MSE = np.mean((y-(b + w*x))**2)

# legend, title, and labels.
plt.text(40,700, f"MSE ={MSE:.2f}")
plt.title('Surface area and price of apartments', size=18)
plt.xlabel('Surface (m^2)', size=18)
plt.ylabel('Price (tausend CHF)', size=18)

Text(0,0.5,'Price (tausend CHF)')

Compare your values with the optimal ones, by running the code
w, b = np.polyfit(x, y, 1).

Due to the simplicity of the linear model, it is possible to derive the explicit formulas for the parameters by calculating the partial derivatives of the $MSE$ w.r.t. the parameters and setting the values of these to $0$. Without detailed explanation $$\frac{\partial MSE}{\partial w} = 0, \quad \frac{\partial MSE}{\partial b} = 0$$ one can conclude: $$\left\{\begin{align*} w &= \frac{\sum\limits_i (x_i - \overline{x})\cdot (y_i-\overline{y})}{\sum\limits_i(x_i - \overline{x})^2} = 5.70\\ b &= \overline{y}-w\cdot \overline{x} = 57.30 \end{align*}\right. $$ where $\overline{x} = \frac{\sum_i x_i}{n}$ and $\overline{y} = \frac{\sum_i y_i}{n}$

1.3. Neuronal networks¶

The above univariate linear regression model can be presented as

For the future notation we leave away the virtual input of 1.

Now we make the model more complex until we get to the a two-layer neuronal network. First we apply an activation function $g$ to the linear transformation $b+w \cdot x$.

The above red ball corresponds to the smallest building unit of a neuronal network, namely a neuron. In a neuron:

there happens a linear transformation
to which an activation function is applied and this provides the output of the neuron.

Next we allow for more inputs.

Finally we allow also for more outputs and we have two hidden layers.

The number of hidden layers indicates that the last neuronal network is a two-layer neuronal network.

1.4. Motivation¶

Exactly as in the case of linear regression the weight matrices $W^{(1)}$, $W^{(2)}$, respectively the intercepts $b^{(1)}$ and $b^{2}$ will be parameters of the loss function which is subject to minimisation. In the general case there is no immediate straightforward formula for the optimal parameters.

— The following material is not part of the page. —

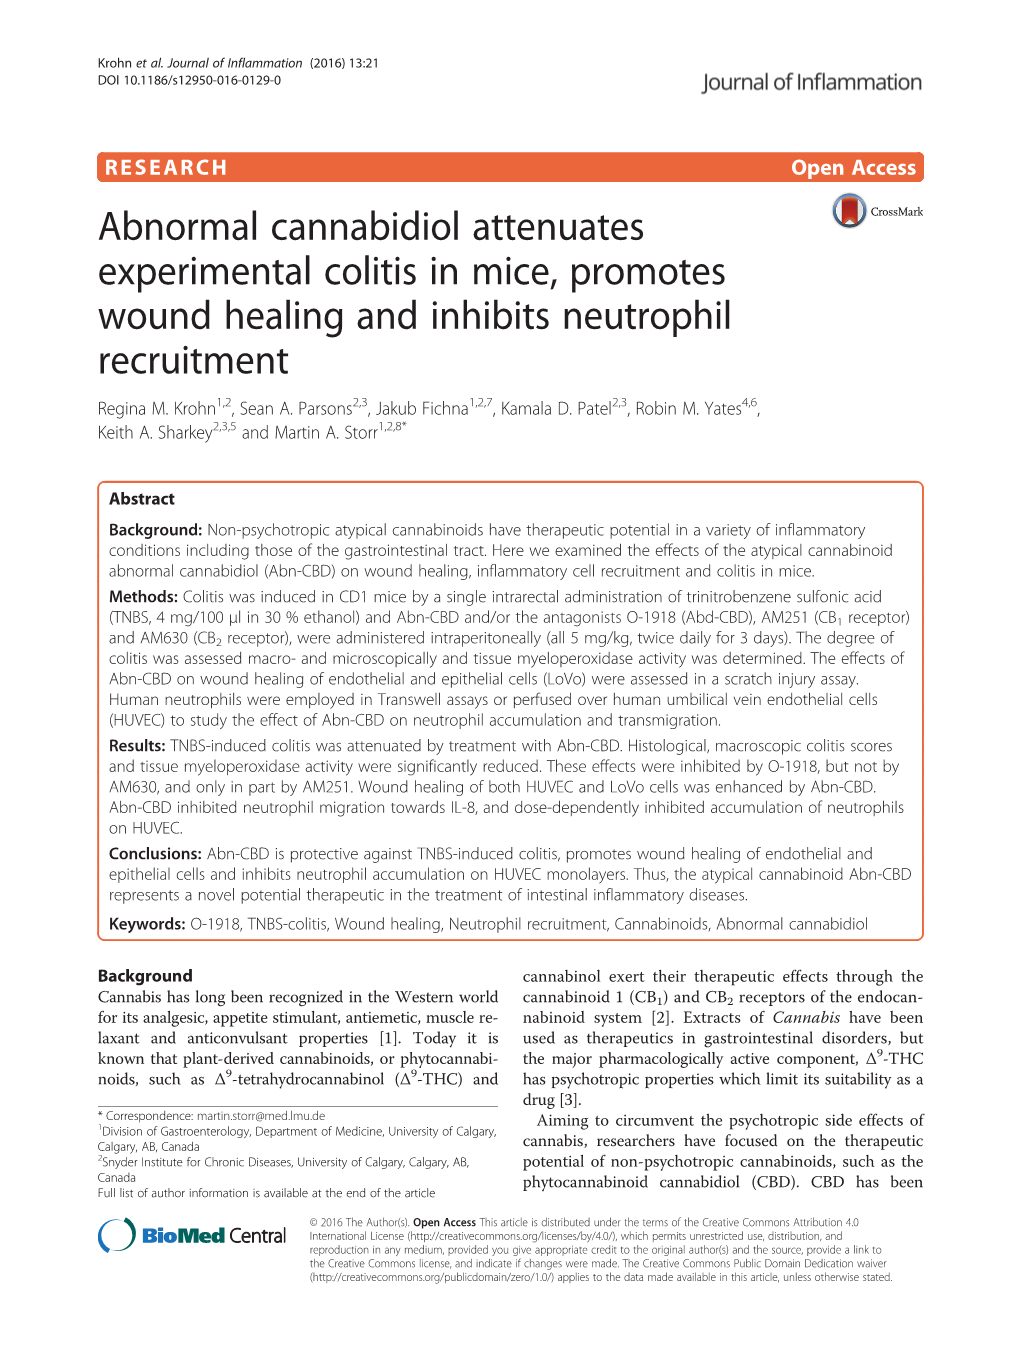 Abnormal Cannabidiol Attenuates Experimental Colitis in Mice, Promotes Wound Healing and Inhibits Neutrophil Recruitment Regina M

The minimum of the loss function can be approximated by the **gradient descent** method. $$\hspace{-2cm}\Uparrow$$ For the gradient descent method we should be able to derive the **partial derivatives** of the outputs w.r.t. all parameters of the model. $$\hspace{-2cm}\Uparrow$$ For neuronal networks with more hidden layers and differentiable activation functions these partial derivatives can be deremined by the **chain rule**. $$\hspace{-2cm}\Uparrow$$ To apply the chain rule for a setting like in the last network, one needs to perform **matrix multiplications**.

The number of machine learning algorithms is large. That's why generally a huge amount of input data is needed to determine the model parameters. Alternatively, if we don't possess that much data, we can reduce the dimensionality of the input data (and by that we end up also with a smaller number of model parameters). For dimensionality reduction we can use the PCA (principal component analysis), which is the same as singular value decomposition. The first name is used more in the circle of statisticians and the second name is more popular among theoretical mathematicians. To derive PCA, we need the notion of orthogonal projection, eigenvalues and eigenvectors, the method of Lagrange multipliers and some descriptive statistics.

Furthermore, when the output of a neuronal network is a distribution, probability theory will be needed also to measure the distance between the observed distribution and the predicted one.

1.5. Schedule¶

-Linear algebra

vector operations
- vector addition,
- vector substraction,
- multiplication of a vector by a scalar
- the dot product
matrix operations
- matrix addition
- matrix substraction
- multiplication of a matrix by a scalar
- matrix multiplication
- inverse of a square matrix
projection and the dot product
orthogonal matrices
change of basis
eigenvalues and eigenvectors of matrices

-Calculus

-PCA

-Probability theory and statistics

2. Linear algebra¶

2.1. Motivation¶

We are able to solve equations of the form: $ax + b = c$, where $a,b,c$ are real coefficients and $x$ is the unknown variable.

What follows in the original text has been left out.